- **Supplied data**:
-- Opening Marker --
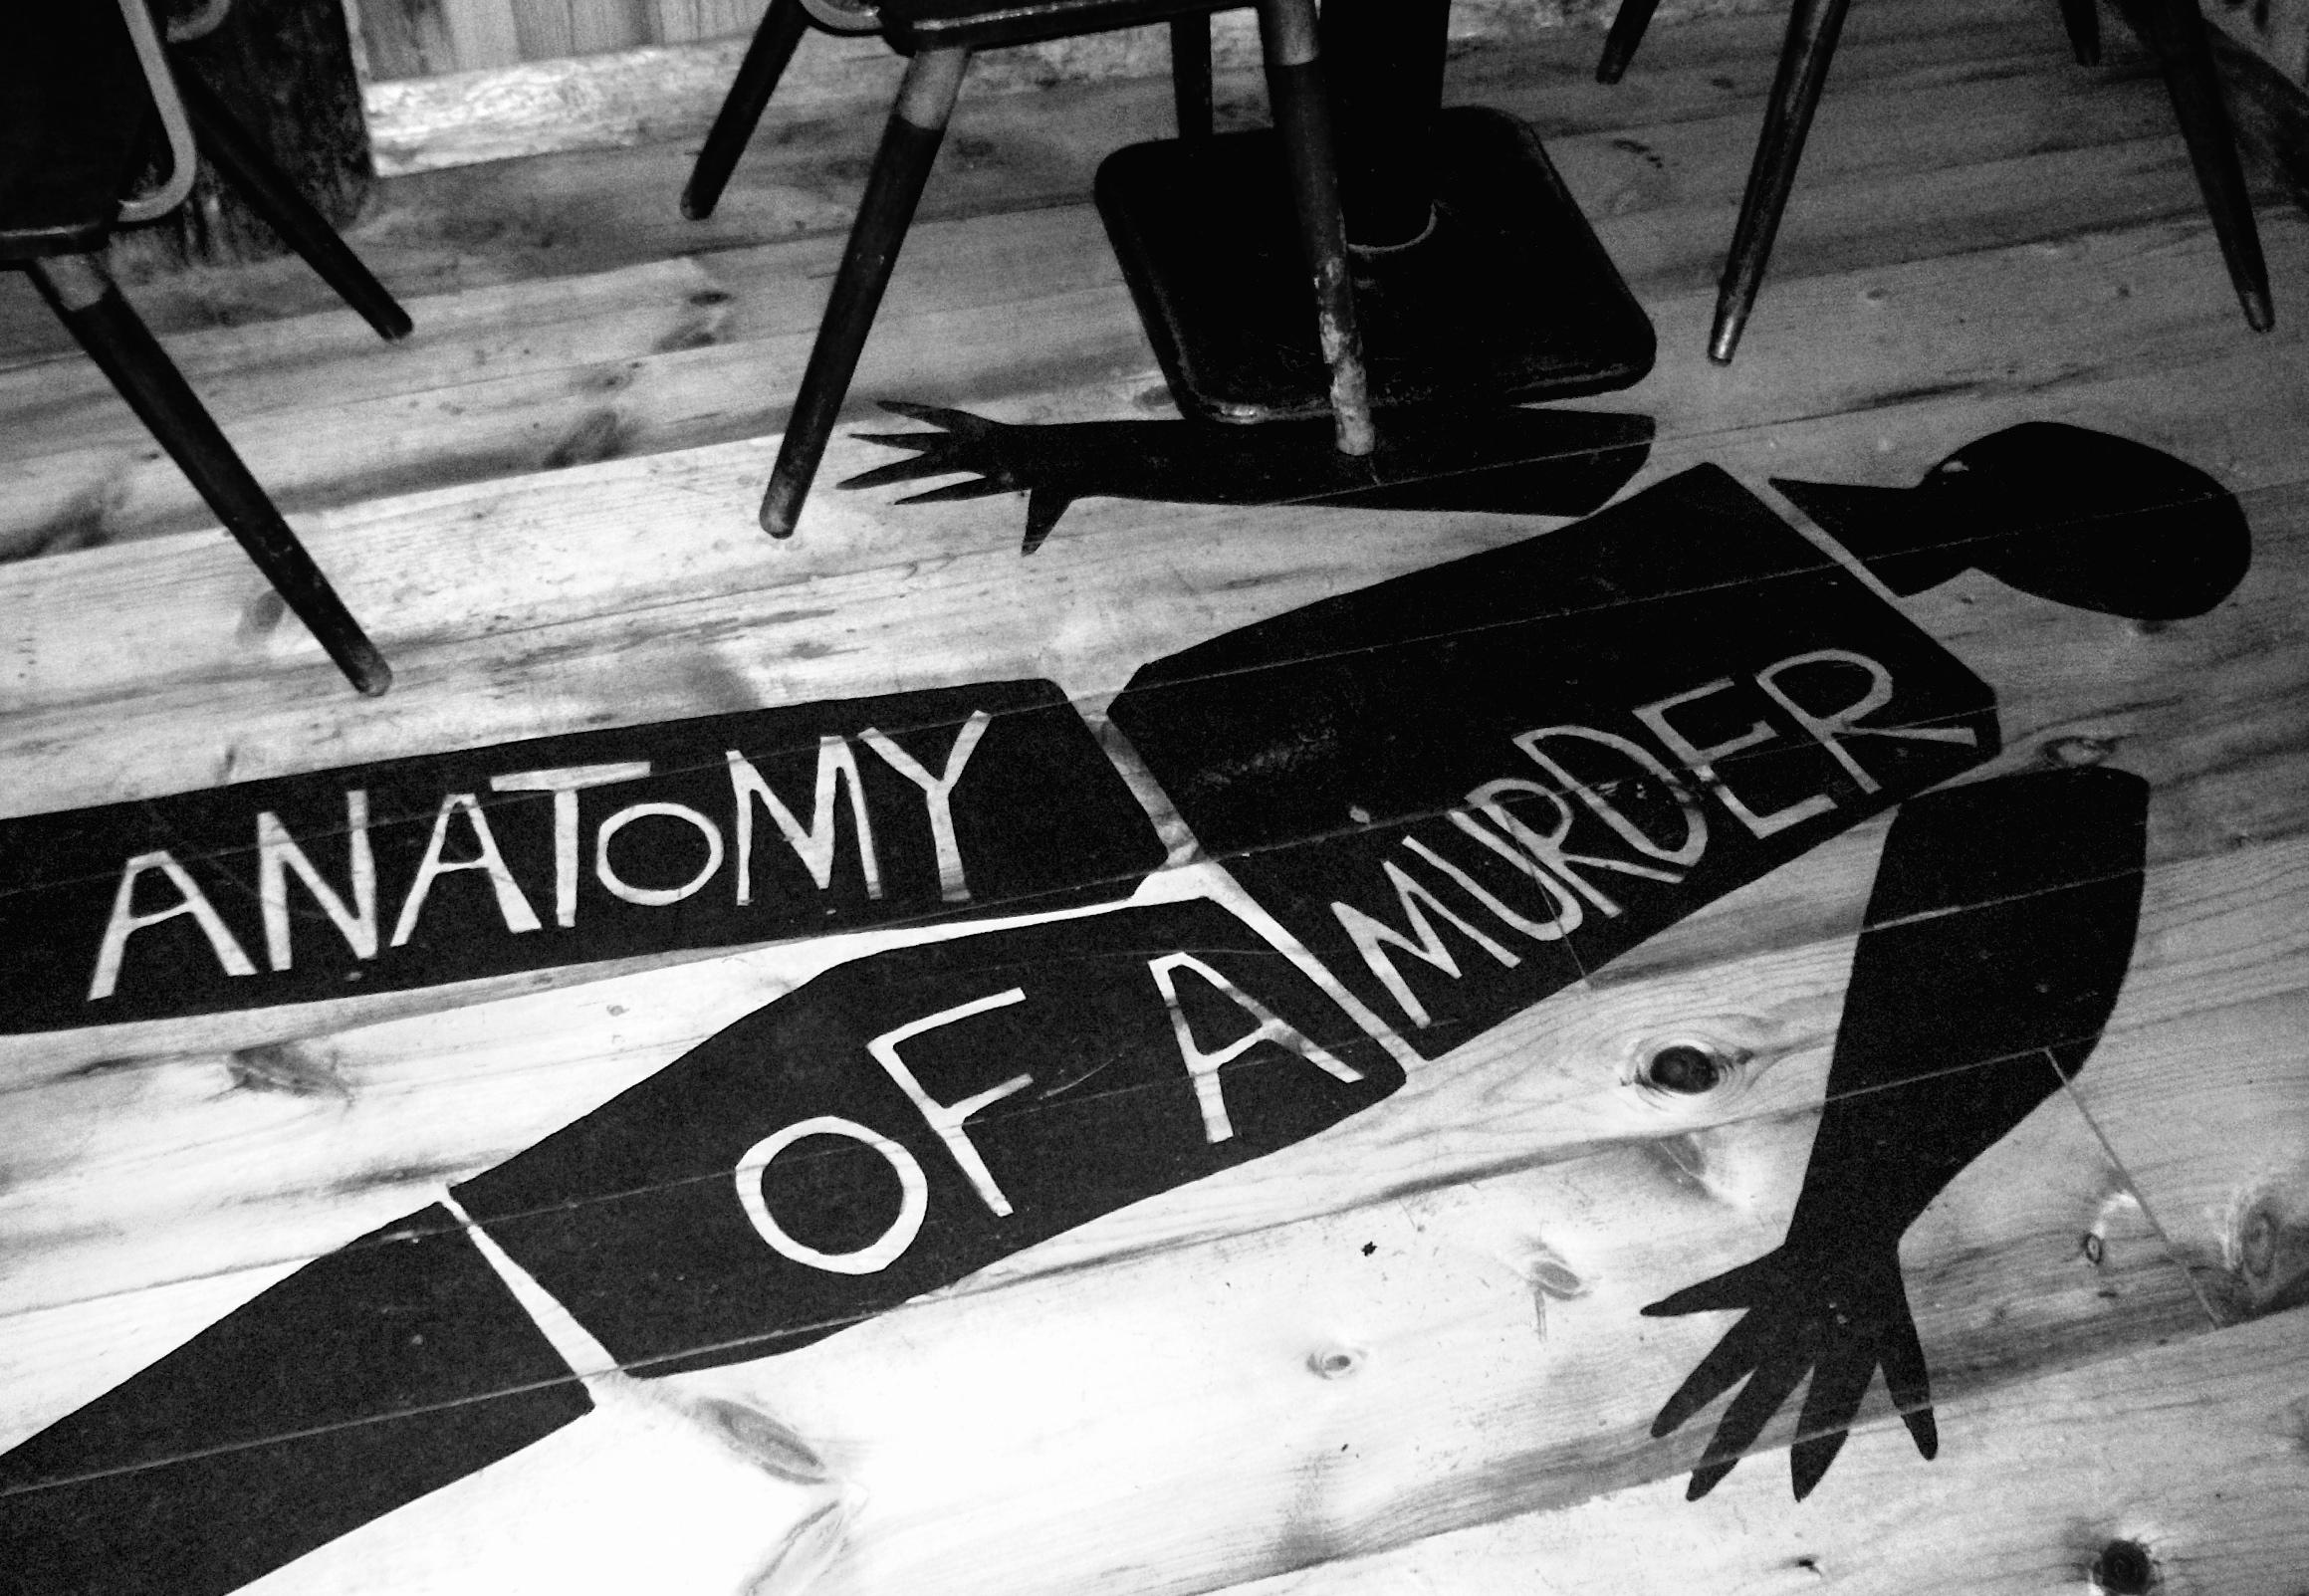 File:Anatomy of a Murder 2.jpg - Wikimedia Commons
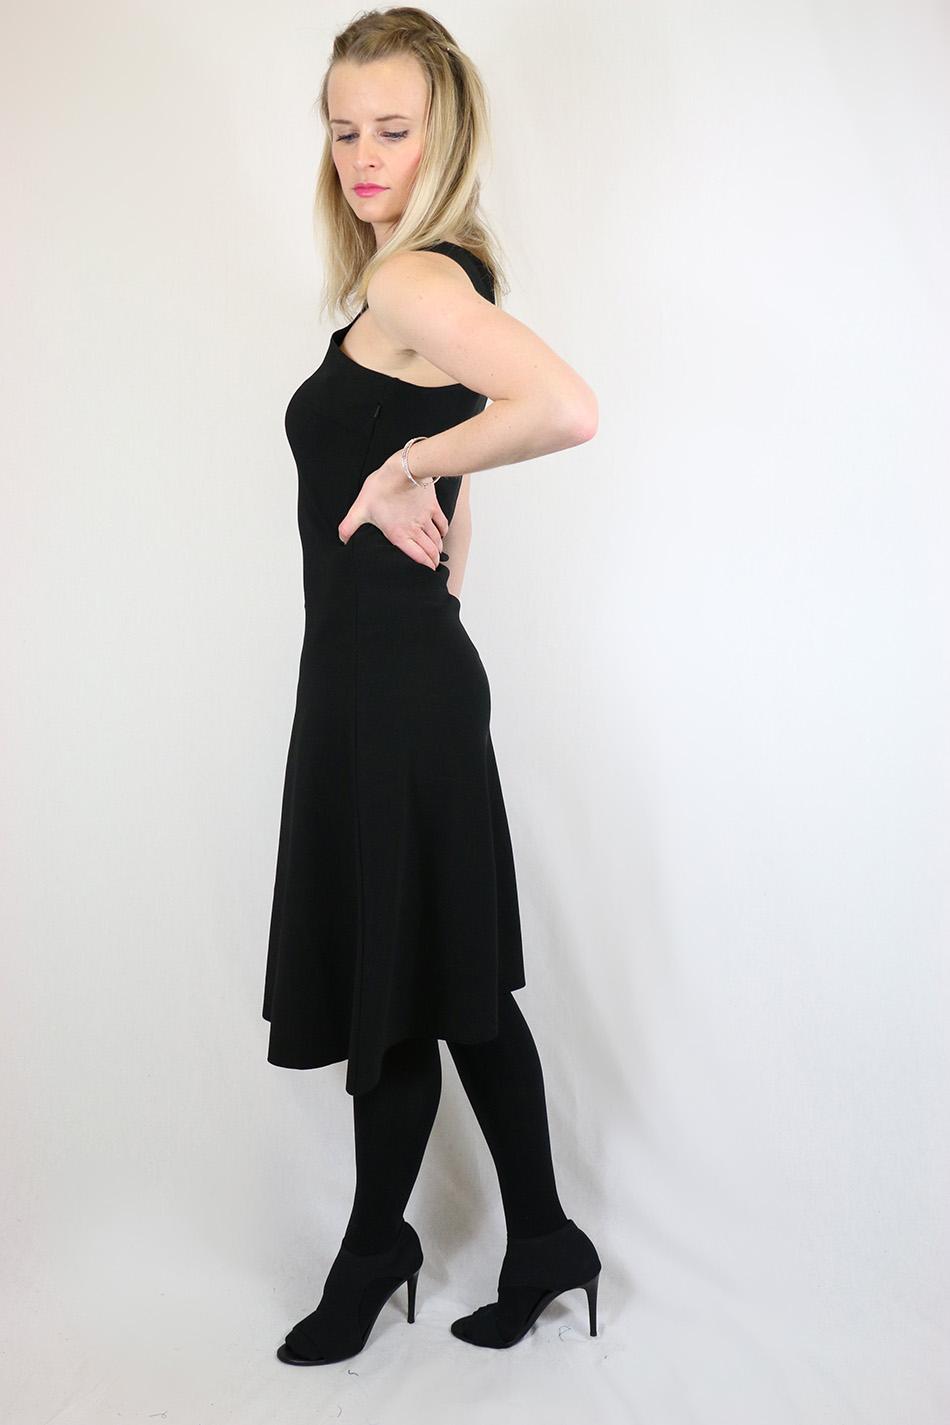 Fringe and Doll Black A-line dress IMG_1704
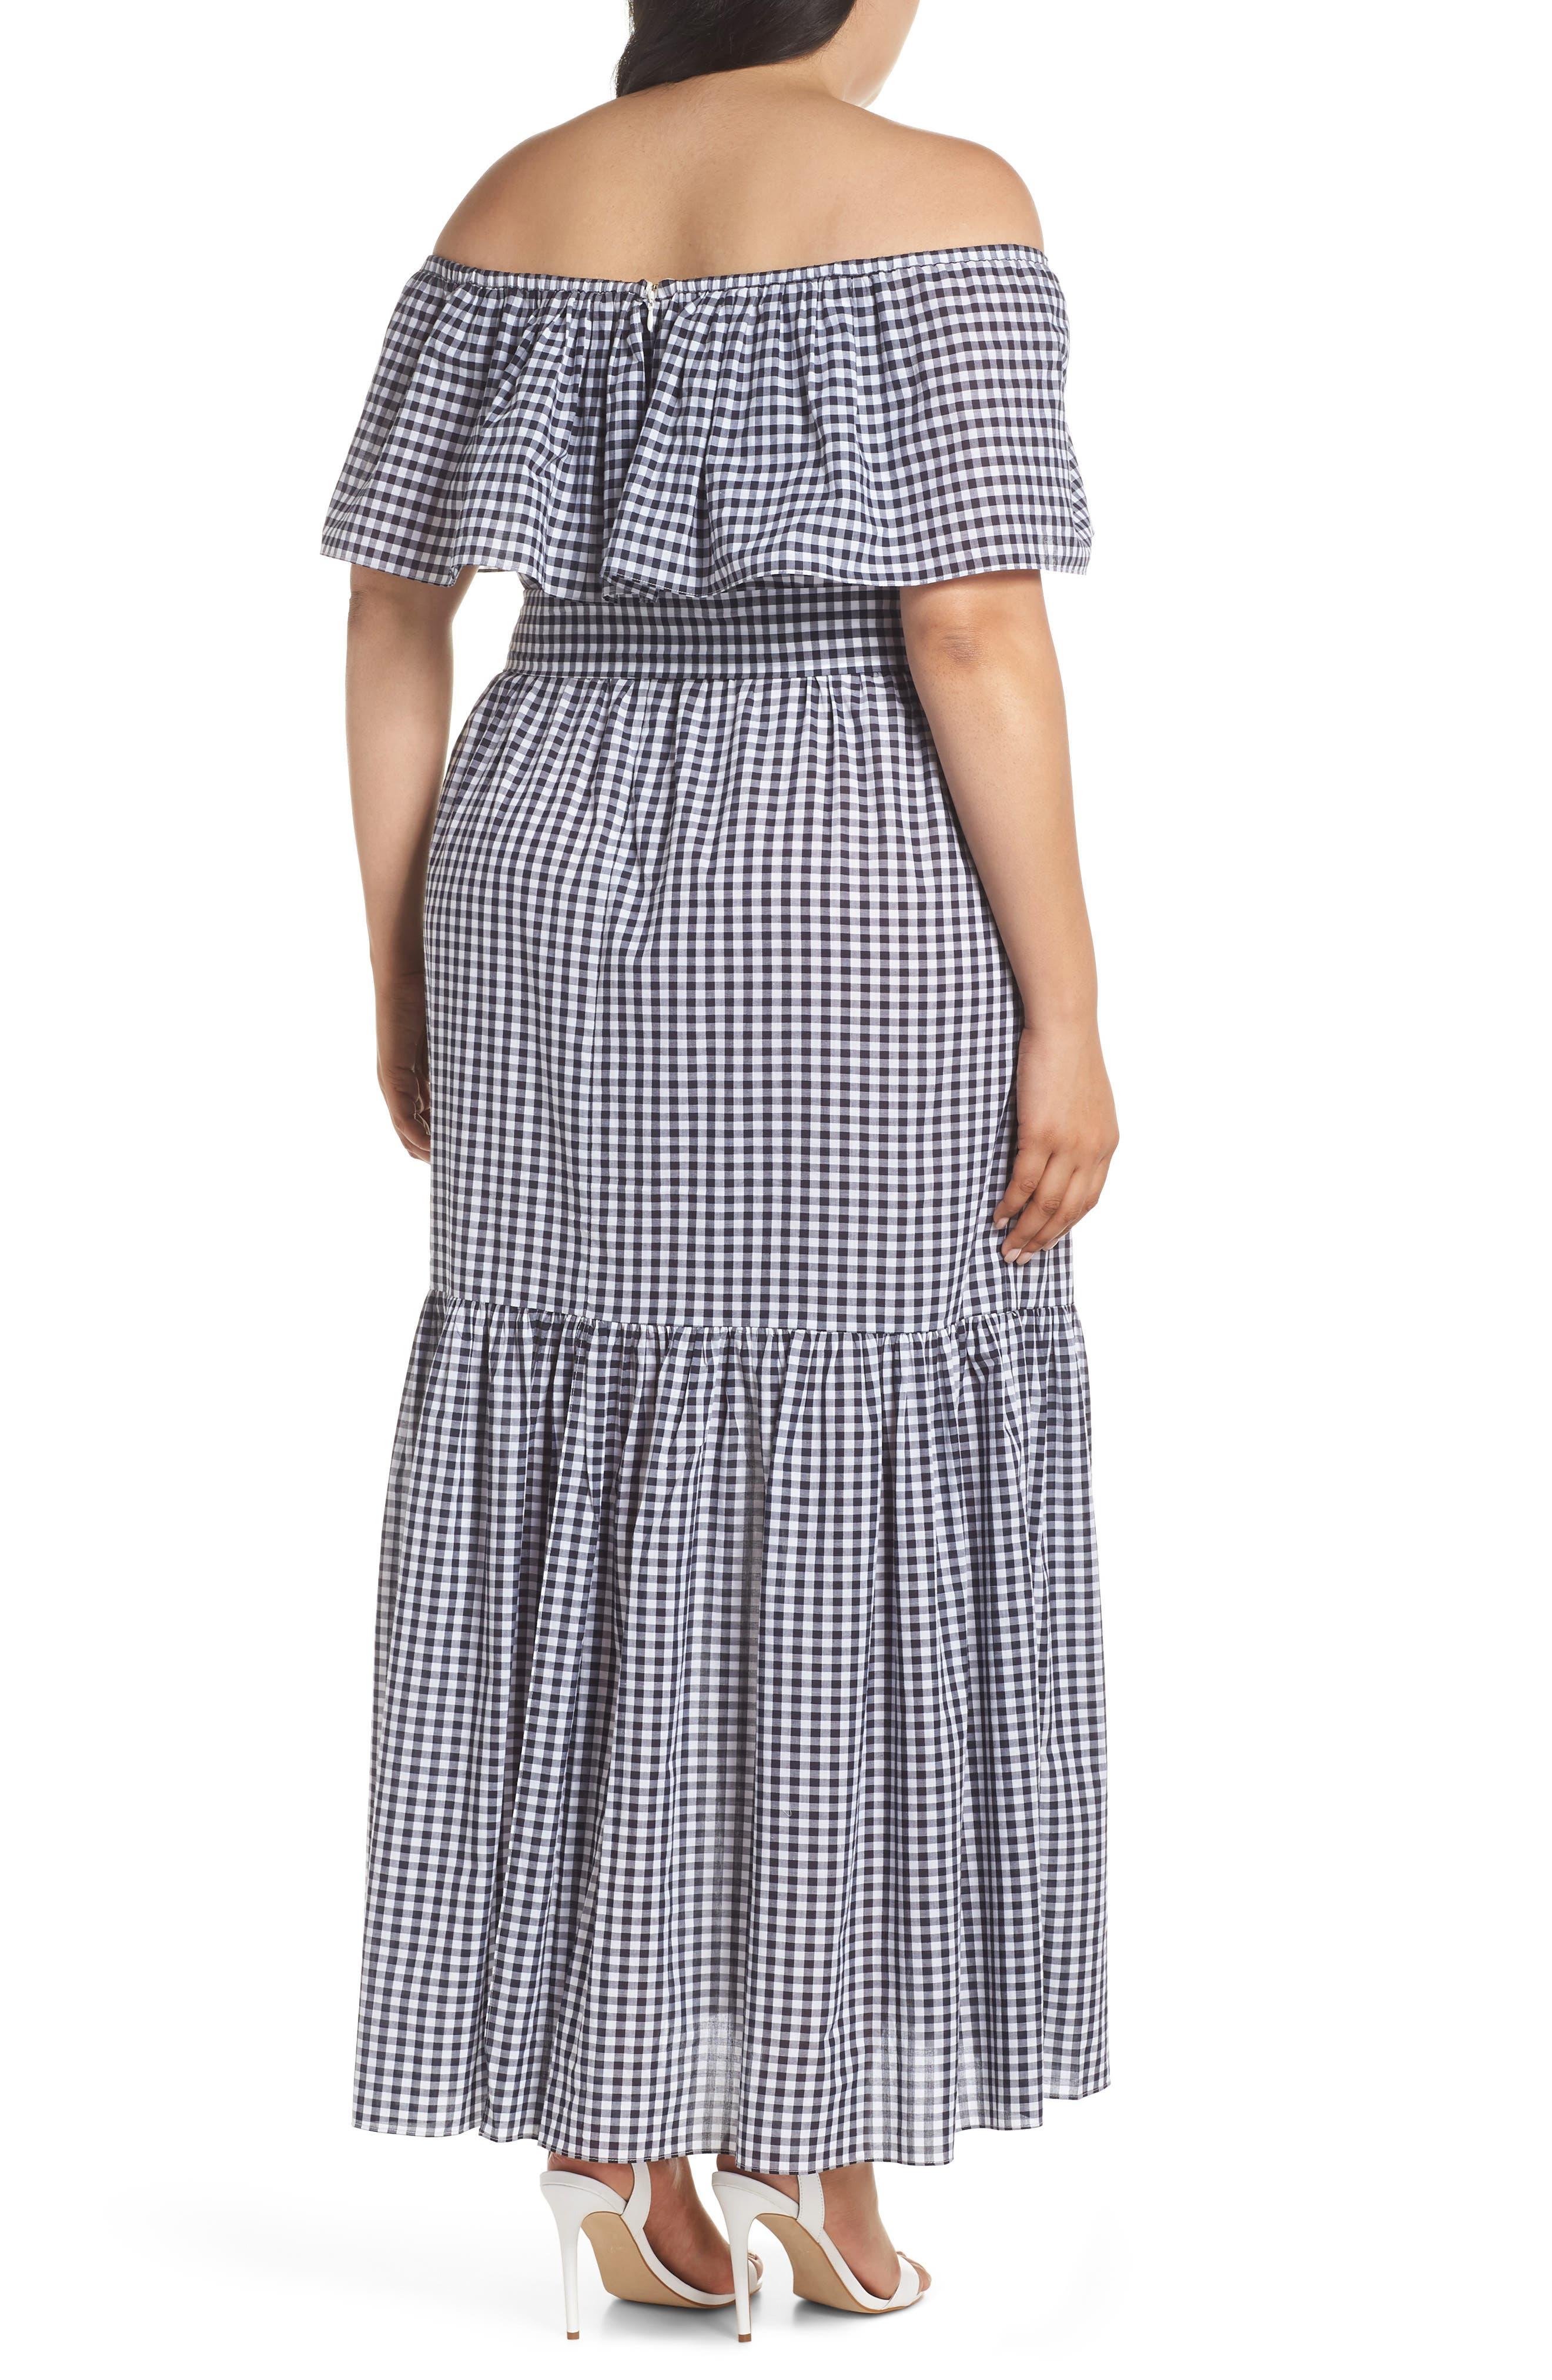 Off the Shoulder Gingham Maxi Dress,                             Alternate thumbnail 2, color,                             Blue White Gingham
-- Closing Marker --
- **Exercise**:
Omit the pictures, then copy out all the data exactly as it stands.

- **Your response**:
 File:Anatomy of a Murder 2.jpg - Wikimedia Commons
 Fringe and Doll Black A-line dress IMG_1704
 Off the Shoulder Gingham Maxi Dress,                             Alternate thumbnail 2, color,                             Blue White Gingham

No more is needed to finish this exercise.